Fam. Code Ann. § 9.007(a)–(b); Shanks v. Treadway, 110 S.W.3d 444, 449
(Tex. 2003); Mathes v. Kelton, 569 S.W.2d 876, 878 (Tex. 1978). Accordingly,
the trial court signed the 1998 decree clearly outside of its plenary power to do
so, and Audrey seems to concede as much in her brief: "[T]he fact that the
court's plenary power had expired has no bearing on the validity of the [1998
decree]." See Tex. R. Civ. P. 329b(d); In re Marriage of Bowe & Perry, Nos. 14-
9
16-00551-CV, 14-16-00557-CV, 2017 WL 6102779, at *4–5 (Tex. App.—Houston
[14th Dist.] Dec. 7, 2017, no pet.) (mem. op.).
What Audrey does argue, however, is that the 1998 decree—a "consent
judgment"—arose out of an enforceable, contractual Rule 11 agreement between
Audrey and Craig. Audrey contends that the divorce case was "pending" as
contemplated by Rule 11 based on the agreed, contractual April 13, 1998 motion
for judgment nunc pro tunc; thus, the trial court could enforce this Rule 11
agreement by signing the agreed 1998 decree even though its plenary power
had expired. See generally Tex. R. Civ. P. 11 (allowing parties' agreement to be
enforced if "touching any suit pending"). But as Craig points out, the 1996
decree became final after no party appealed; therefore, there was no case
pending as contemplated by Rule 11. Cf. Cunningham v. Zurich Am. Ins. Co.,
352 S.W.3d 519, 525 (Tex. App.—Fort Worth 2011, pet. denied) (holding case on
appeal was considered pending for purposes of Rule 11, allowing trial court to
enforce agreement); In re Guthrie, 45 S.W.3d 719, 728 (Tex. App.—Dallas 2001,
pet. denied) (concluding action is pending under Rule 11 "until all issues have
been determined, final judgment has been rendered, and all postjudgment
motions have been disposed of"). To conclude otherwise would allow parties to
agree, through Rule 11 or other contractual arrangement, to vest a trial court with
subject-matter jurisdiction where none exists. Once plenary power has expired,
a trial court's jurisdiction cannot be vested by party agreement. See In re
10
Vaishangi, Inc., 442 S.W.3d 256, 260–61 (Tex. 2014) (orig. proceeding); In re
S.A.H., 465 S.W.3d 662, 665 (Tex. App.—Houston [14th Dist.] 2014, no pet.).
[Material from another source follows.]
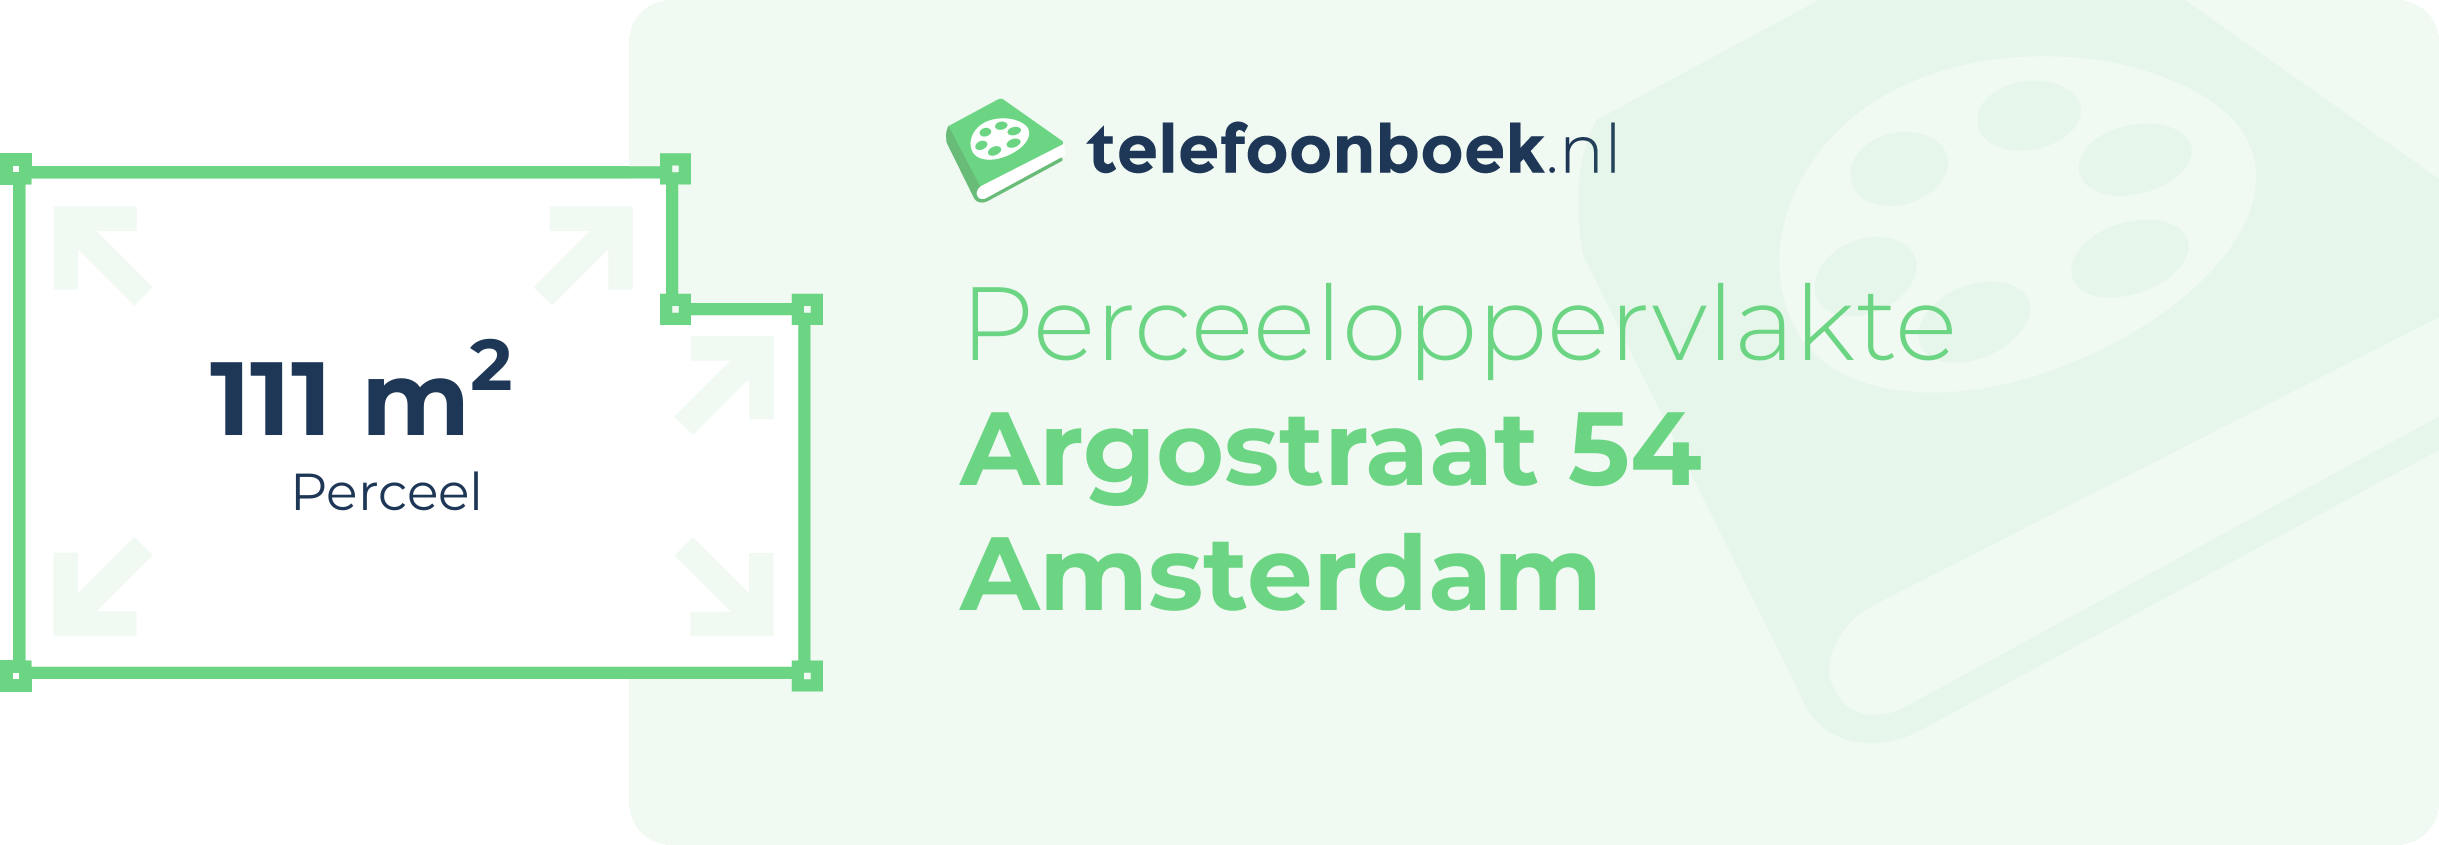 Perceeloppervlakte Argostraat 54 Amsterdam

Audrey also asserts that Craig's declaratory-judgment action and
contractual defenses were impermissible collateral attacks on the property
division stated in the 1998 decree, which Craig did not appeal and which was
presumptively valid. But the 1998 decree was entered outside of the trial court's
subject-matter jurisdiction and accordingly was subject to collateral attack as a
void judgment. See Hagen v. Hagen, 282 S.W.3d 899, 902 (Tex. 2009) (holding
void, but not voidable, divorce decree is subject to collateral attack); Alfonso v.
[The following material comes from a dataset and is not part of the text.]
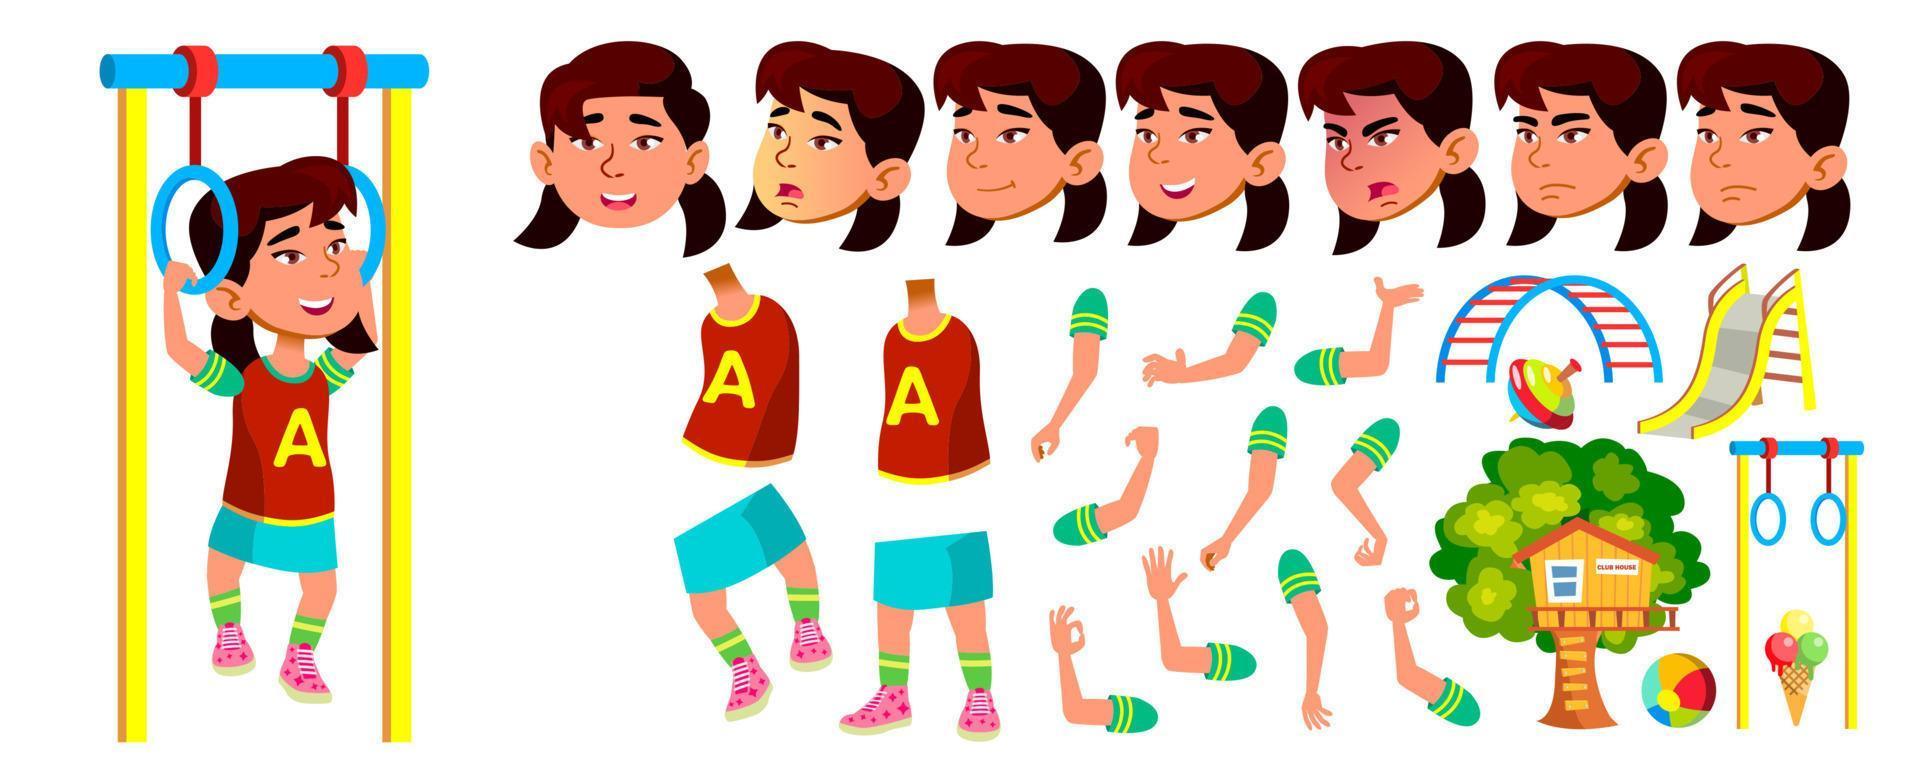 Asian Girl Kindergarten Kid Vector. Animation Creation Set. Face Emotions, Gestures. Little Children. Happiness Enjoyment. For Presentation, Invitation, Card Design. Animated. Cartoon Illustration vector

Skadden, 251 S.W.3d 52, 55 (Tex. 2008) (recognizing subject-matter jurisdiction
cannot be waived and may be raised at any time). Even though no party
appealed from the 1998 decree, the record affirmatively demonstrates that the
trial court lacked the subject-matter jurisdiction to enter it. Thus, the presumption
that the 1998 decree was valid based on its finality disappears, rendering the
1998 decree subject to collateral attack at any time. See S.A.H., 465 S.W.3d at
665.
For these reasons, we overrule Audrey's five issues directed to the trial
court's declaratory judgment.
III. CONCLUSION
Because the division of Craig's military-retirement benefits in the 1998
decree effected a substantive and material, not clerical, change from the division
as stated in the 1996 decree—a final and enforceable judgment at the time the
11
1998 decree was signed—the 1998 decree was void as entered outside the trial
court's plenary power. See generally Tex. Fam. Code Ann. § 9.007(b) (providing
trial court does not have the power to change the property division stated in a
final divorce decree). Audrey and Craig's agreement to move the trial court to
sign the 1998 decree did not vest the trial court with the subject-matter
jurisdiction to do so. And the trial court did not err by so concluding in its
declaratory judgment. Accordingly, we affirm the trial court's declaratory
judgment. See Tex. R. App. P. 43.2(a).
/s/ Lee Gabriel
LEE GABRIEL
JUSTICE
PANEL: SUDDERTH, C.J.; GABRIEL and PITTMAN, JJ.